Kane-Interesse? Hoeneß verteilt Breitseite gegen Barcelona

Felix Flechsig
Foto: IMAGO

Füge uns als bevorzugte Quelle bei Google hinzuFolgen

Der Hattrick im Pokalfinale gegen Stuttgart hat einmal mehr gezeigt, warum Harry Kane so wichtig für den FC Bayern ist. Klar also, dass Uli Hoeneß ihn auf keinen Fall abgeben will – schon gar nicht an den FC Barcelona.

Alle drei Tore beim 3:0-Sieg des FC Bayern im Pokalfinale gegen den VfB Stuttgart gingen auf das Konto von Harry Kane. Ein Auftritt, der Uli Hoeneß ins Schwärmen brachte. Der Ehrenpräsident sagte nach dem Spiel über Kane: “Das ist der beste Transfer, den wir je gemacht haben.”

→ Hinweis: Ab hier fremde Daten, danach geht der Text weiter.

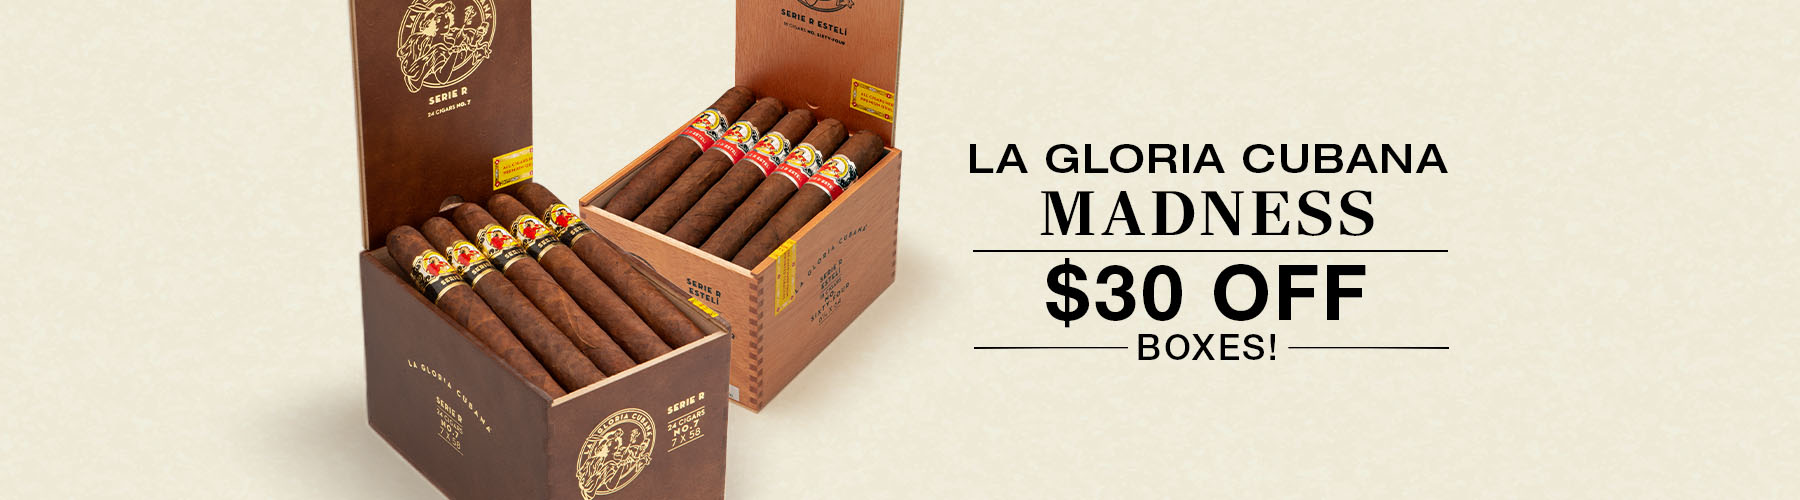 La Gloria Cubana Madness $30.00 off!

Doch die Leistungen des Bayern-Stürmers wecken auch bei der Konkurrenz auf europäischem Spitzenniveau Begehrlichkeiten. Wie die Mundo Deportivo berichtet, ist der Engländer beim FC Barcelona als Nachfolger für Robert Lewandowski im Gespräch.

Ein Verkauf Kanes ist für Uli Hoeneß allerdings kein Thema. Auf die Frage, ob es ein Preisschild für den Offensiv-Star gebe, antwortete er: “Nein, natürlich nicht. Der FC Bayern ist ein Käuferverein, kein Verkäuferverein.”

Hoeneß: “Barcelona hat gar kein Geld!”

Neben dem Statement, das vermittelt, dass der FC Bayern definitiv nicht auf Einnahmen aus einem Kane-Transfer angewiesen ist, stellte Hoeneß außerdem klar, dass ein Verkauf an insbesondere den FC Barcelona kein Thema ist. Kurz und knapp stellte der Vereinspatron klar: “Barcelona hat gar kein Geld. Da geht’s schon mal los.”

Und weiter geht es bei Kane selbst, der ohnehin nicht mit Wechselgedanken spielt. Wie er nach dem Pokalfinale verkündete, sei die Lage entspannt. “Ich bin sehr glücklich. Das habe ich euch ja schon klar gemacht. Ich habe mich hier wirklich gut eingelebt.”

Außerdem äußerte sich Kane in Bezug auf eine Verlängerung beim FC Bayern: “Wir haben gesagt: Lasst uns erst mal die Saison hinter uns bringen. Wahrscheinlich auch die Weltmeisterschaft, und dann reden wir weiter. Ich glaube, beide Seiten sind zufrieden miteinander. Mal sehen, was passiert.” Eine Vertragsverlängerung scheint also nur noch eine Frage der Zeit zu sein.